Kait0 avatar Kait0 commented on July 23, 2024
  1. The sensors took too long error can happen but should only rarely.
    There are various ways in which the CARLA simulation can crash. In these cases we simply rerun the route (we have scripts to automatically do that). I released one in this repo.
    If this happens all the time there is some problem.

  2. Longest6 took 2-6 hours per route on one 2080ti machine if I remember correctly. Since there are 108 routes this can take a lot of time. Fortunately all routes can be evaluated in parallel. We typically evaluate with something 32x2080ti in parallel. I wrote a bit on this here. With that you can typically run an eval over night.

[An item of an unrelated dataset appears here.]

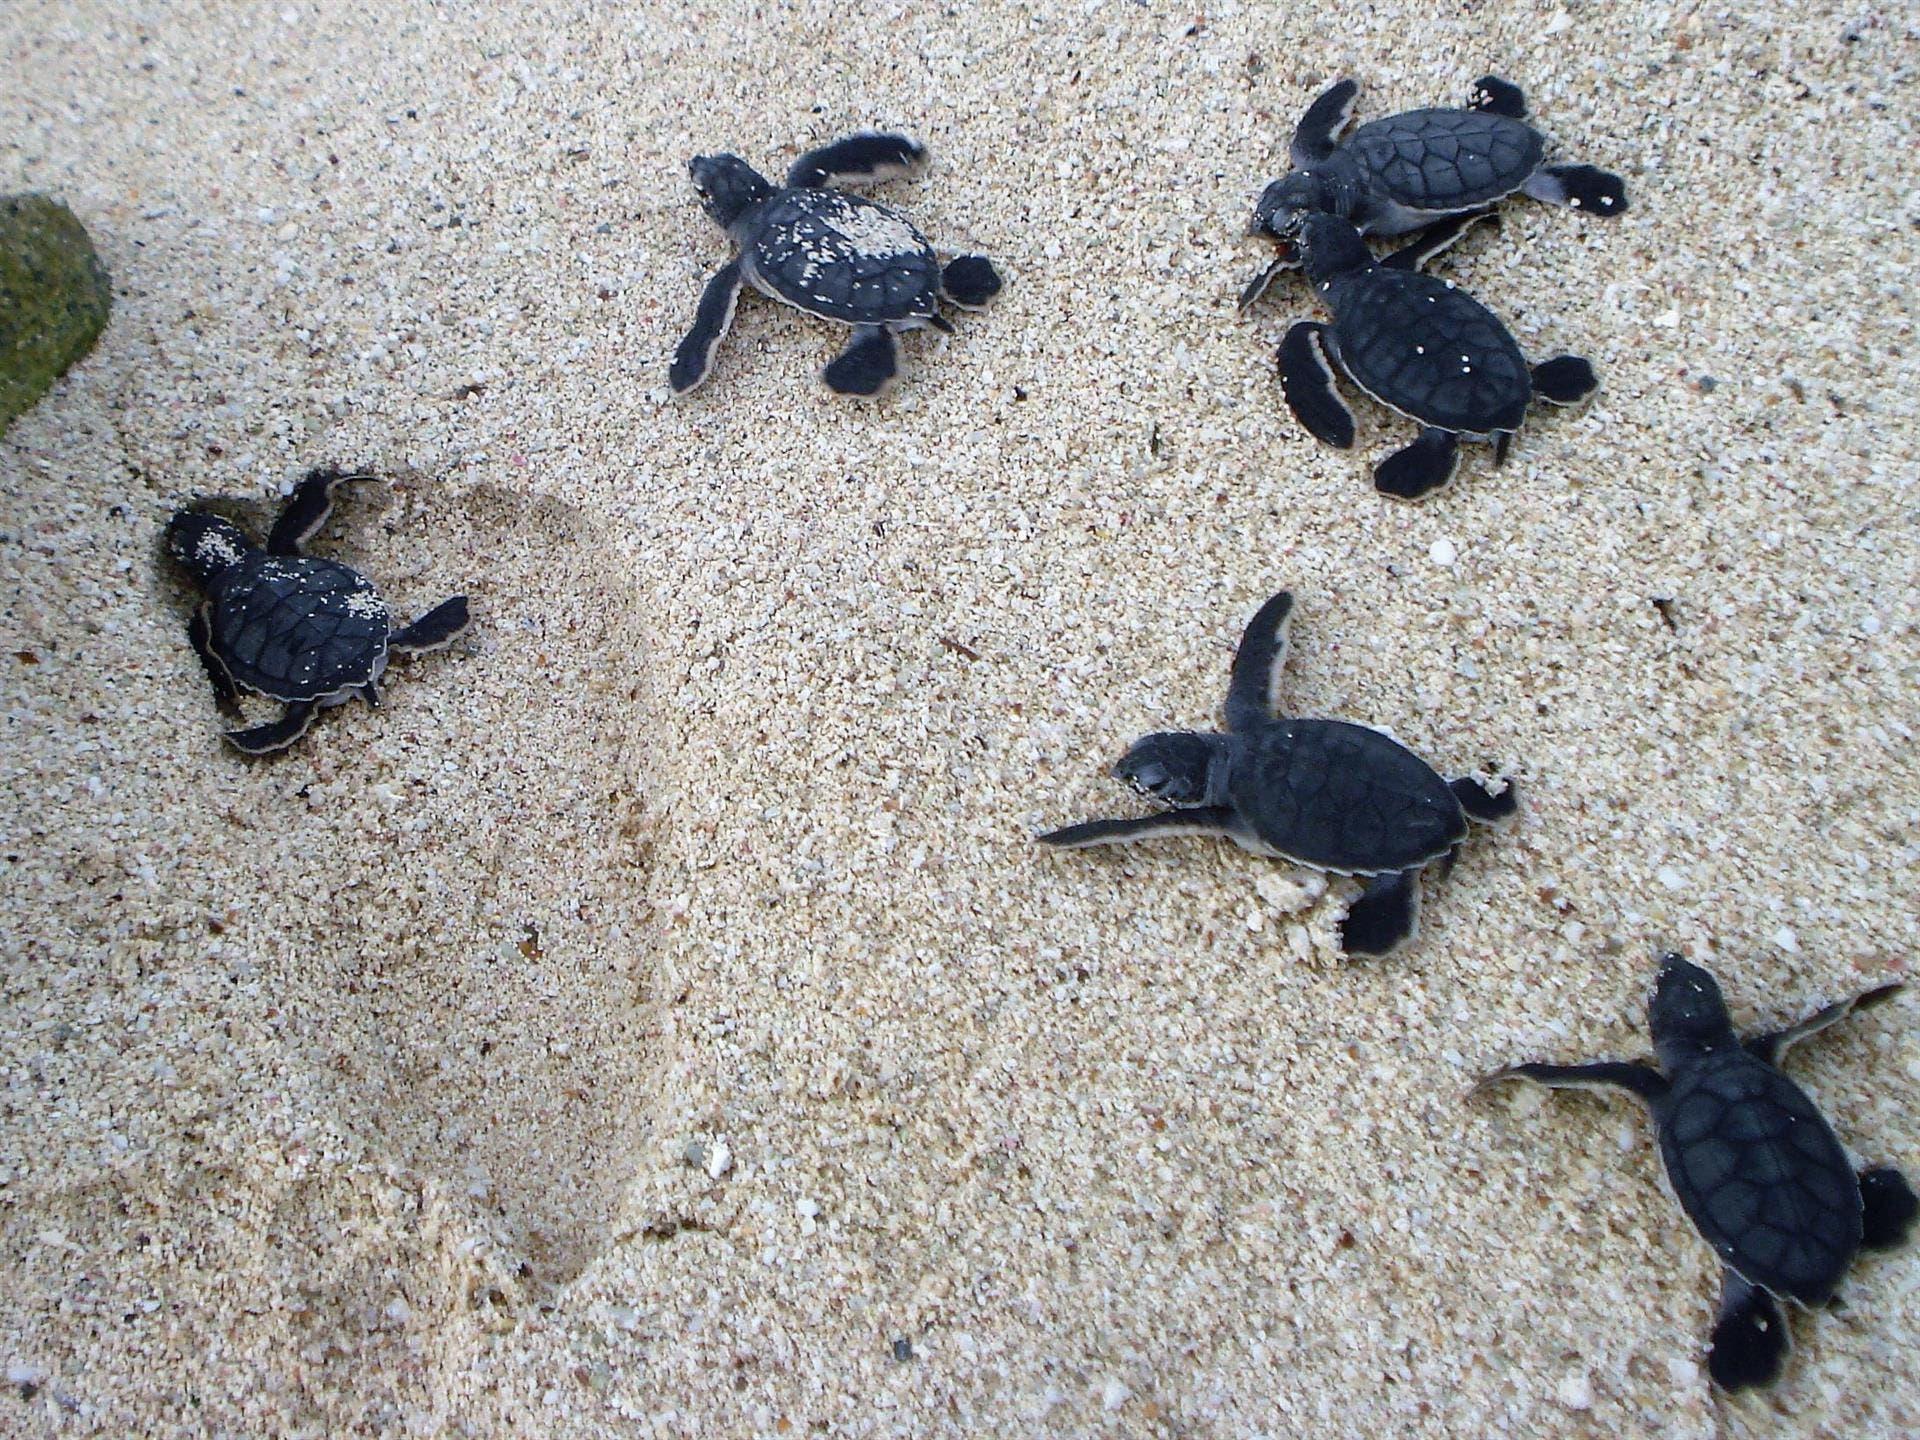 Inician actividades para proteger a la tortuga marina en Puerto Morelos

  3. TransFuser drives up to 14.4 km/h which is indeed slow. The reason for that is that the expert it is imitating is also driving that slow. So to change this behavior you need a new dataset with a faster expert driver.
    The simplest way right now is to use the TransFuser++ expert and code which drives up to 28.8 km/h.
    Driving much faster than that is hard because the background traffic is not driving faster than 30 km/h.
    The CARLA leaderboard 2.0 fixes this issue (other cars drive up to ~100km/h or so) but there are no public code bases for that yet (with experts or agents) as far as I know.

  4. Hard to say exactly but the variance is pretty large in general which is why we typically rerun experiments with 3 different seeds. This is also because the CARLA simulator is not deterministic.
    You can look at the standard deviations in the paper to get a feel (these are all 1 std, assuming Gaussian distribution you would need to multiply by 2 to get 95% confidence interval).

The failure message in the second image is normal, Anything below 100% is considered failure there.

from transfuser.

MCUBE-2023 avatar MCUBE-2023 commented on July 23, 2024

Dear Author, Thank you for your quick reply.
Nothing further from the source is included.